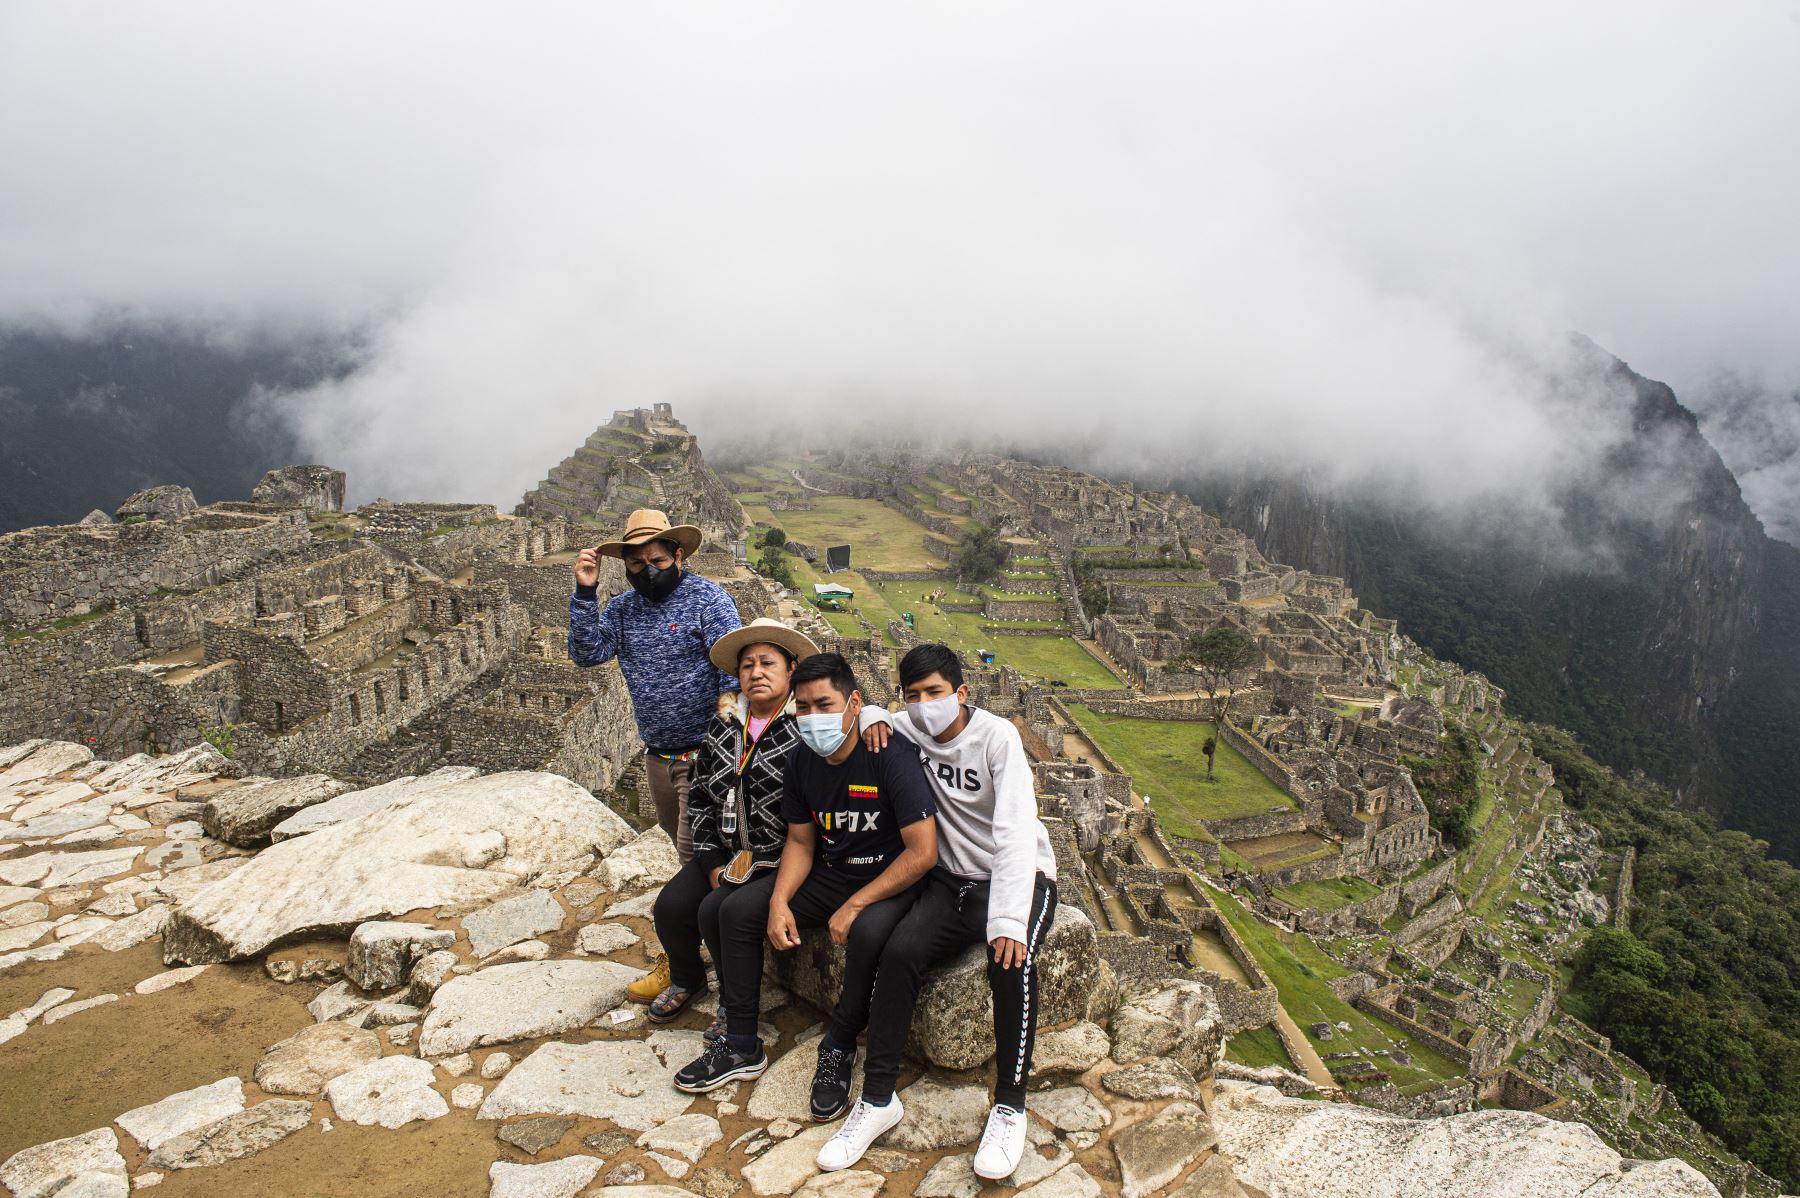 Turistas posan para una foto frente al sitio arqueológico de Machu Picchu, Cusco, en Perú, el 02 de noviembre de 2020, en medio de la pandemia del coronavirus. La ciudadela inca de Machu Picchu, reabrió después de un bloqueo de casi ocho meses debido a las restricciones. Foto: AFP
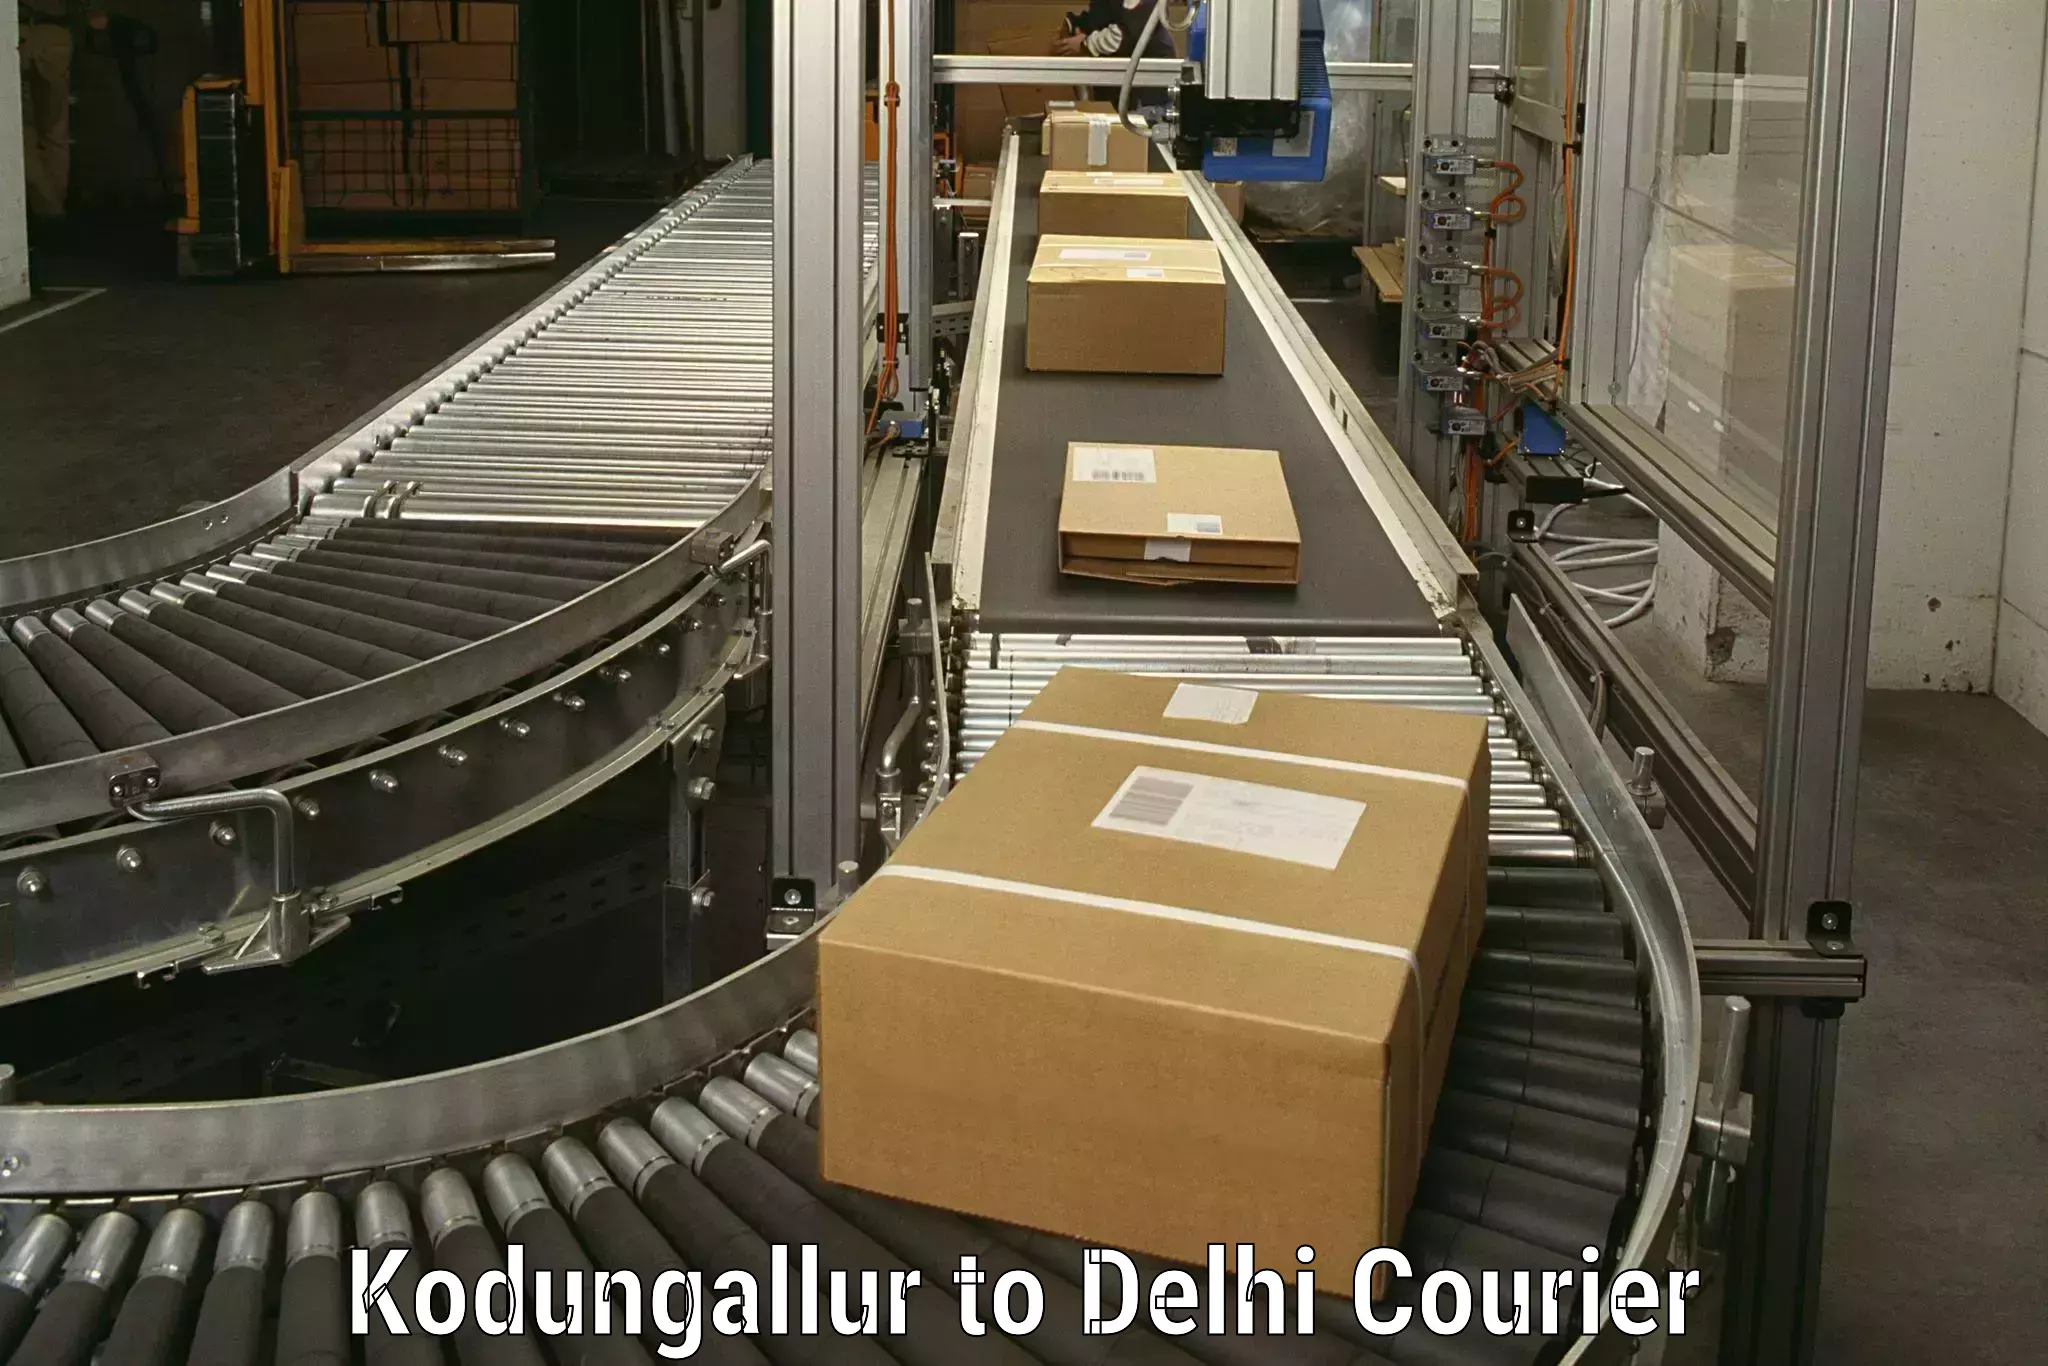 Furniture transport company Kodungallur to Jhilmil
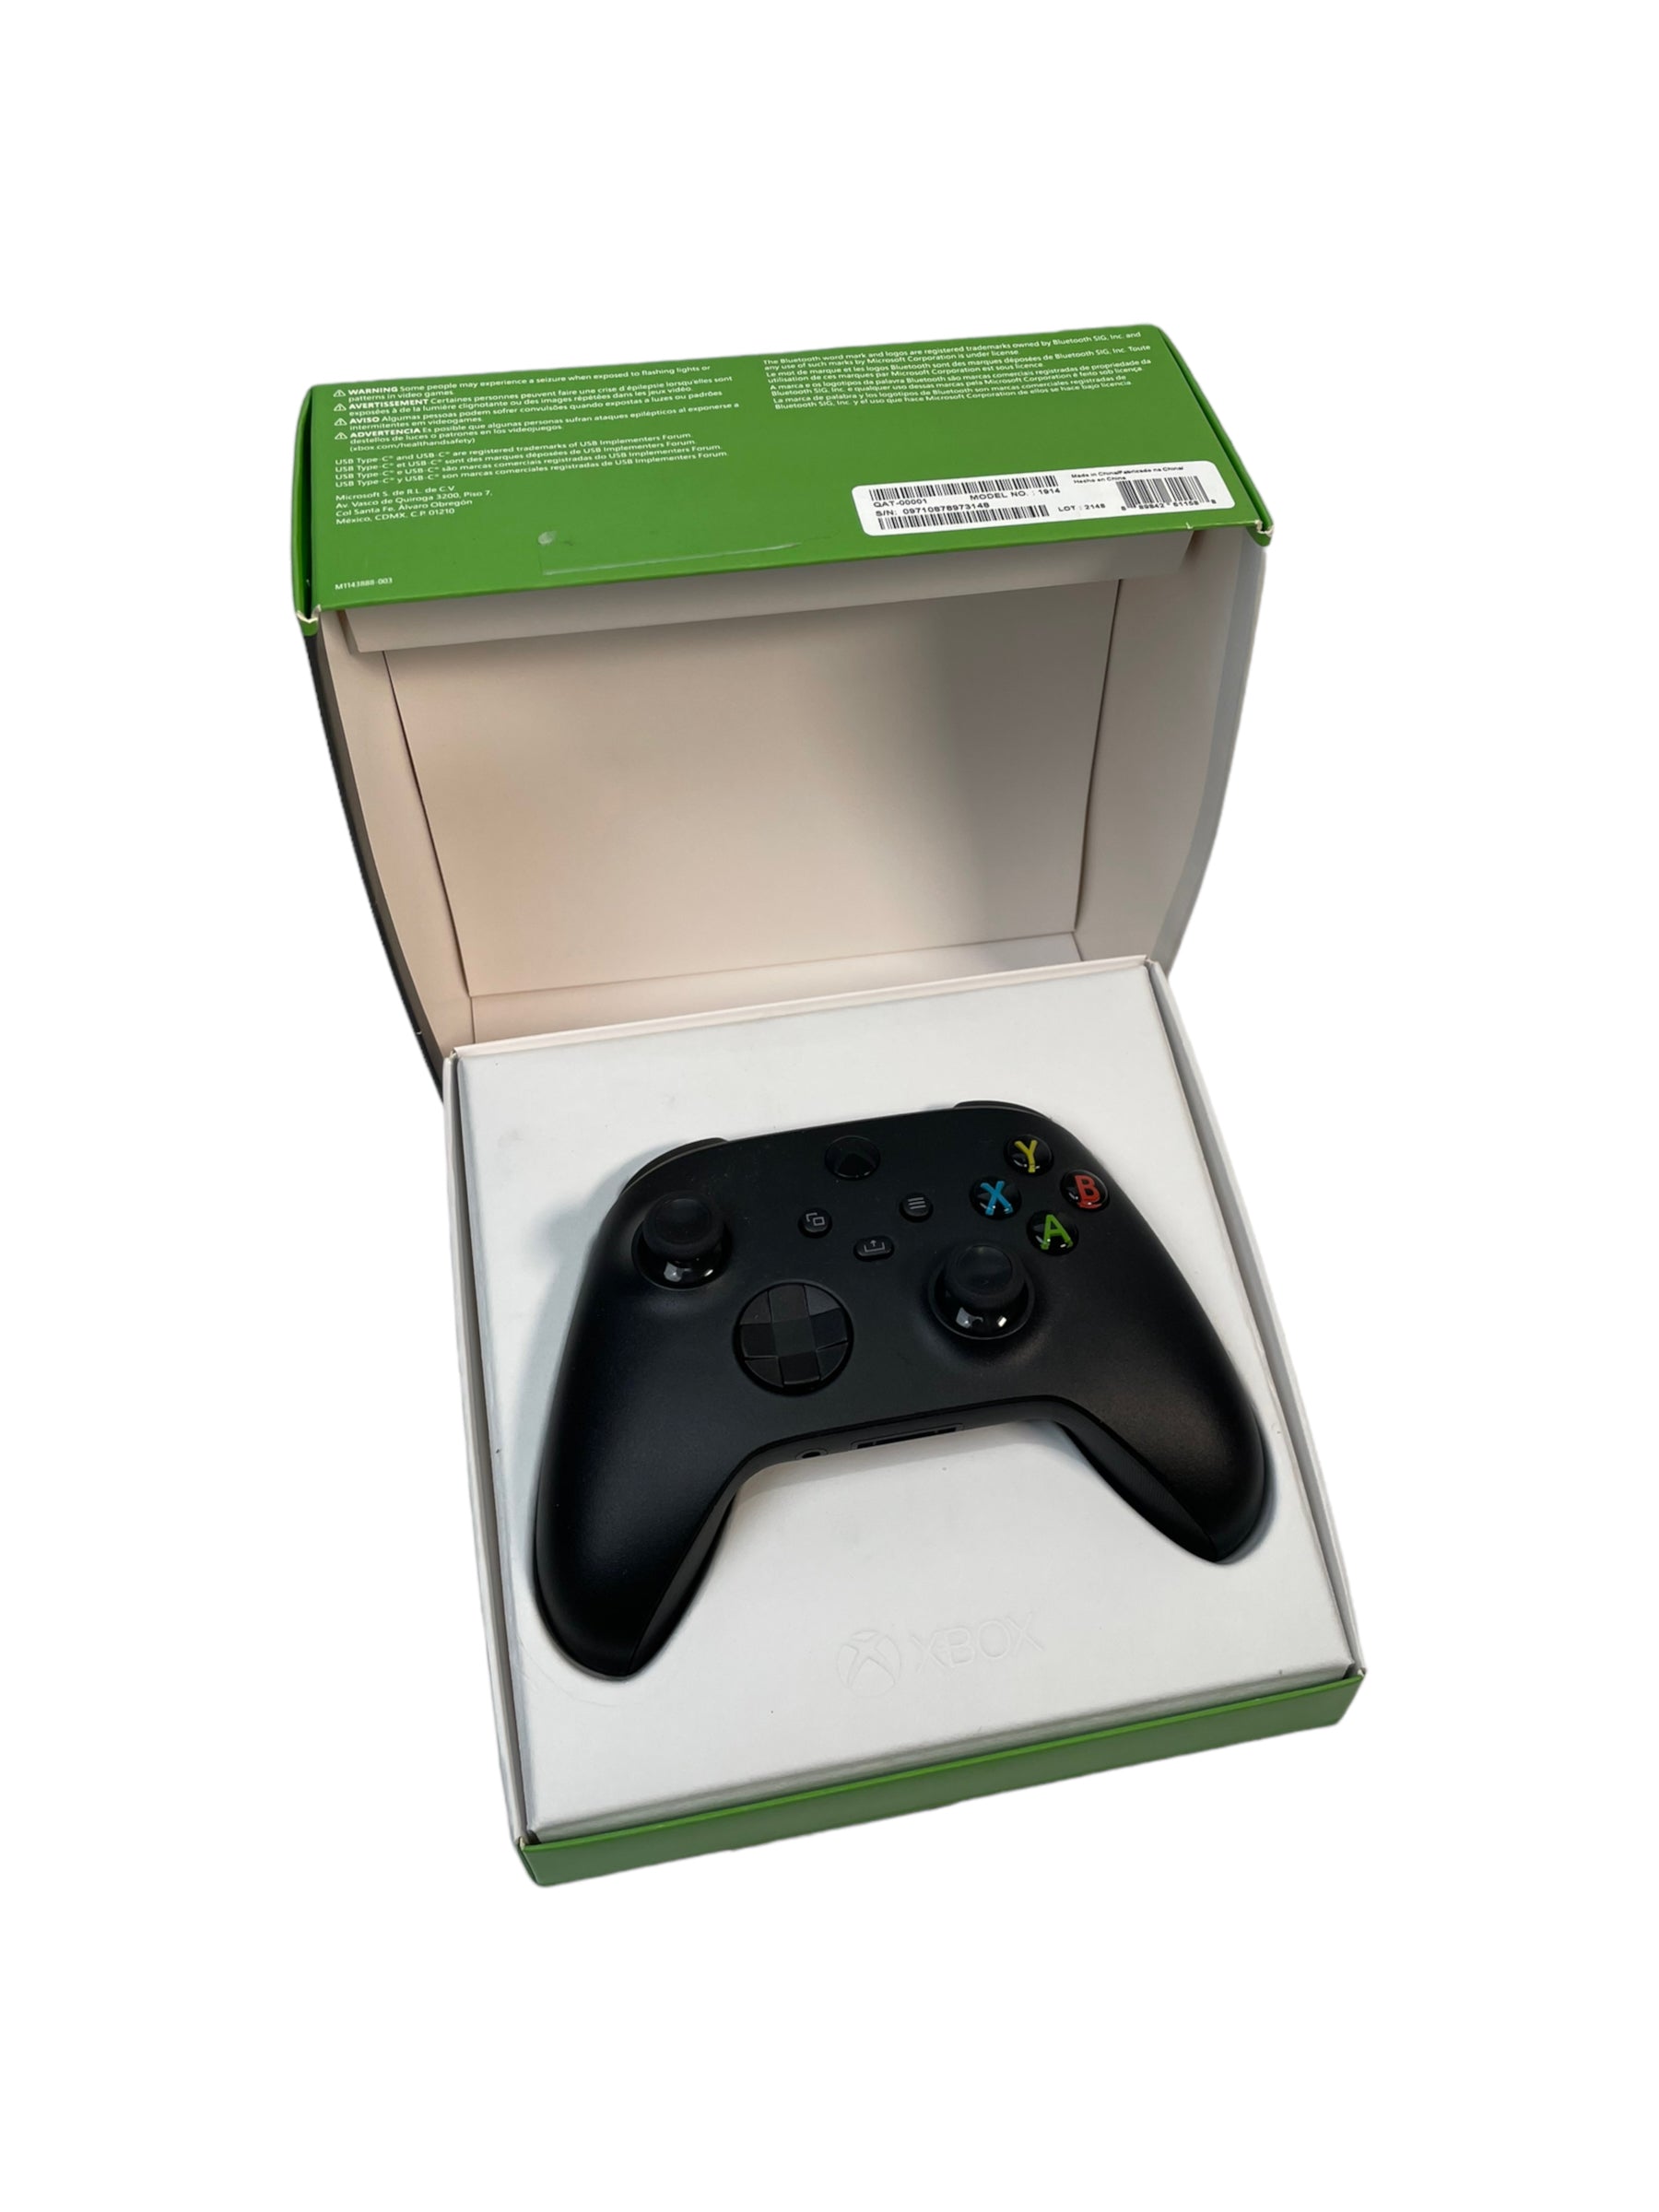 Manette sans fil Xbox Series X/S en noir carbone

_ _ _ _ _ _ _

## Work instructions:
Pictures stay out. Write out everything else in the material exactly.

## Exercise solution:
 Turistas posan para una foto frente al sitio arqueológico de Machu Picchu, Cusco, en Perú, el 02 de noviembre de 2020, en medio de la pandemia del coronavirus. La ciudadela inca de Machu Picchu, reabrió después de un bloqueo de casi ocho meses debido a las restricciones. Foto: AFP
 Furniture transport company Kodungallur to Jhilmil
 Manette sans fil Xbox Series X/S en noir carbone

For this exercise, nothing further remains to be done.